The direct human evidence for the supplement-versus-food distinction comes from Wilcox and colleagues (2021, Journal of the American Heart Association), who found in a randomised trial of healthy adults with normal renal function that choline bitartrate supplements significantly raised fasting TMAO levels while egg consumption at equivalent choline doses did not. A crossover pharmacokinetic study comparing four supplement forms (Traussnigg et al., 2022, European Journal of Clinical Nutrition) confirmed that free choline salt forms generate more TMAO than phospholipid-bound sources. These findings are relevant to form selection when supplementing.
Whether the TMAO elevation from choline supplementation at doses relevant to correcting dietary inadequacy translates to cardiovascular harm in clinical outcome trials has not been established. TMAO observational associations are subject to confounding, and the causal mechanism in humans remains incompletely characterised. The signal warrants monitoring but does not establish that choline supplements cause cardiovascular disease.
People with chronic kidney disease warrant separate consideration because TMAO clearance is renally dependent, and studies conducted in participants with normal renal function cannot be assumed to generalise to this population. TMAO concentrations are disproportionately elevated in kidney disease, and the cardiovascular risk association is stronger in that context.

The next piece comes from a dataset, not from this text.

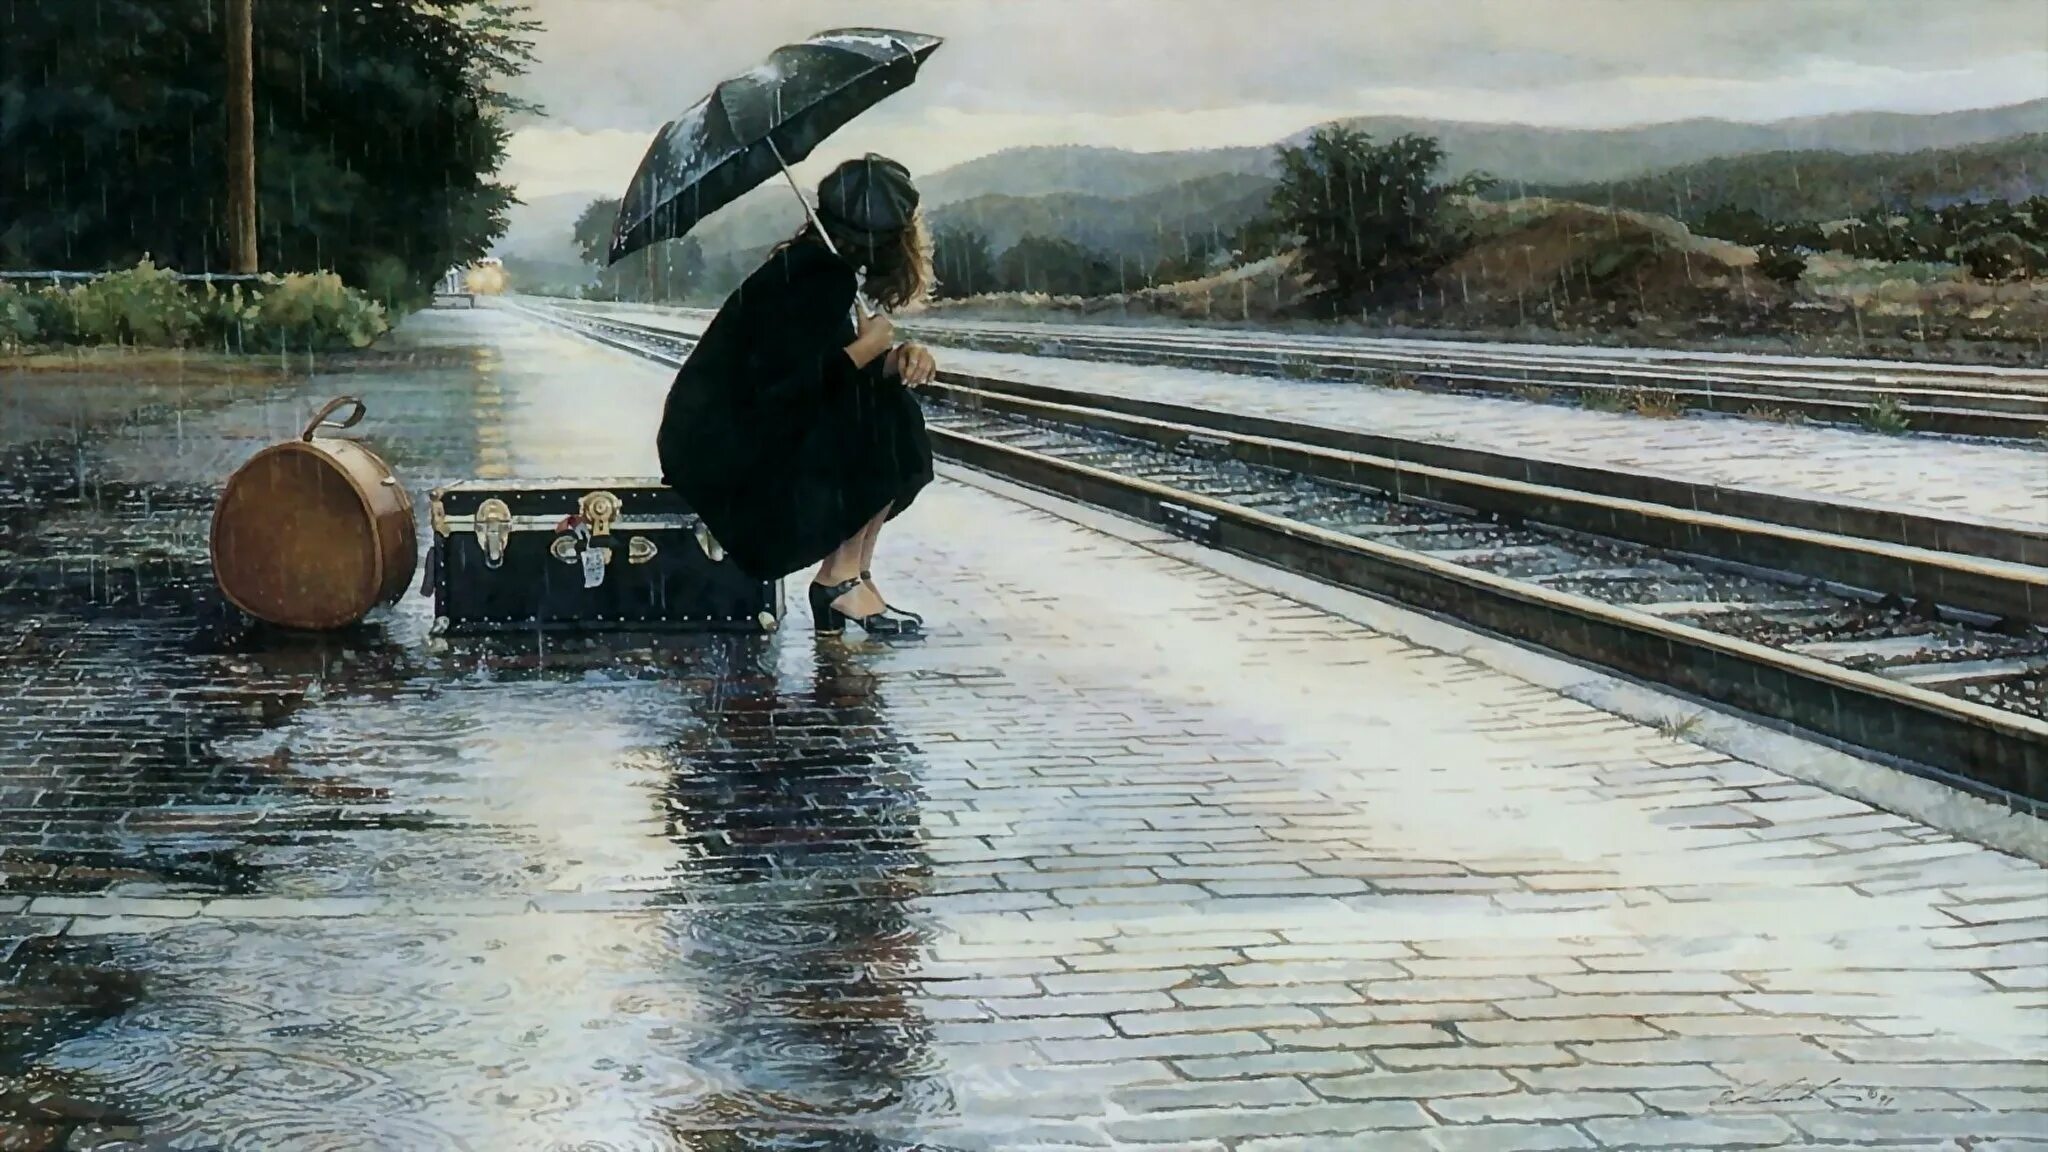 Запомнить на всю жизнь урок. Стив Хэнкс картины под дождем. «В ожидании поезда» (1880) Нестеров. Стив Хэнкс художник. Стив Хэнкс на перроне картина.

There is no established clinical interaction between choline supplementation and antiplatelet or anticoagulant drugs. Because the mechanistic signal includes platelet reactivity at higher doses, high-dose free choline supplementation should be approached cautiously in people with high thrombotic risk until outcome data are clearer.

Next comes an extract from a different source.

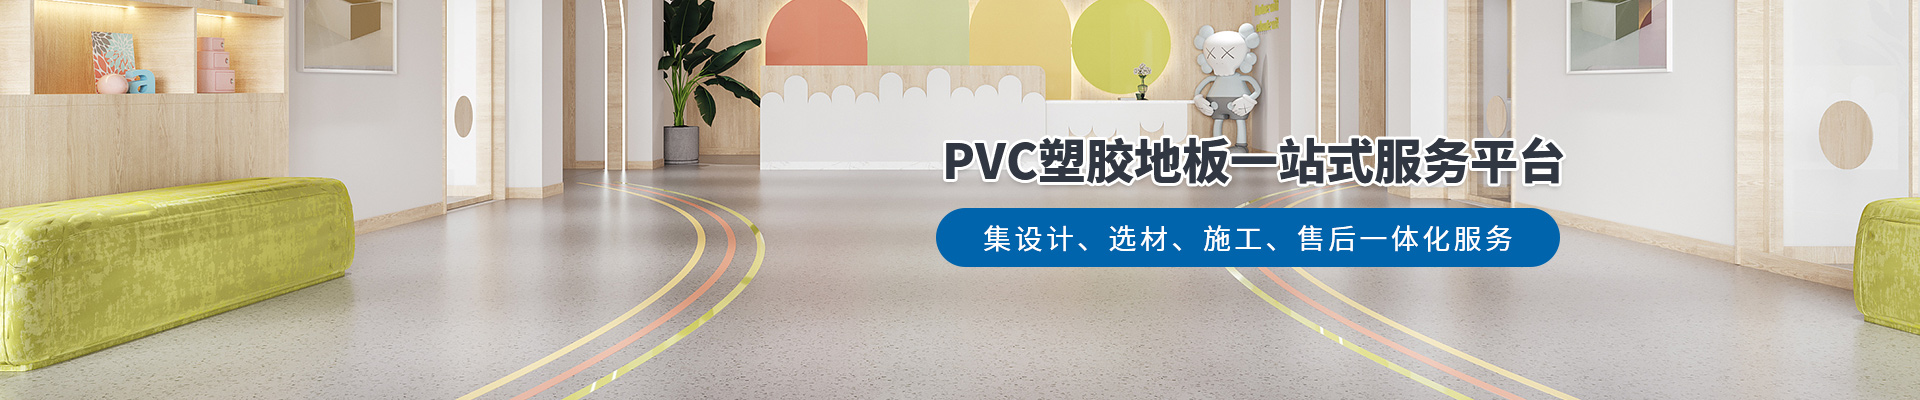 鳳城橡塑，PVC塑膠地板一站式服務平臺

Choline supplementation during pregnancy at doses used in published RCTs (up to 930 mg per day on top of dietary intake) has not raised safety signals in published trials, and the tolerable upper limit is well above these doses.
What can reasonably be concluded
Choline is an essential nutrient that is widely under-consumed, particularly among pregnant women, postmenopausal women, and people following plant-based diets. The available evidence supports ensuring adequate intake during pregnancy, where small trials suggest favourable early neurocognitive outcomes in infants and observational data link lower maternal choline status with higher neural tube defect risk. These findings are directionally consistent and biologically plausible, but the trial base is too small and the outcome data too preliminary to support stronger clinical prevention claims.
Outside pregnancy, the evidence for supplementation in healthy replete adults has not been established. The liver health signal in deficiency populations, particularly postmenopausal women, is meaningful but rests primarily on observational data. For cognitively healthy adults, choline bitartrate has not demonstrated benefit in adequately powered RCTs; the cognitive evidence for enhanced-bioavailability forms is covered in the separate citicoline and alpha-GPC entries.
The TMAO safety question warrants monitoring, particularly for people considering high-dose or long-term supplementation with free choline salts, and for people with pre-existing kidney disease or elevated cardiovascular risk.
Where evidence is limited or outcomes are uncertain, conclusions should be treated as provisional and subject to revision as the evidence base develops.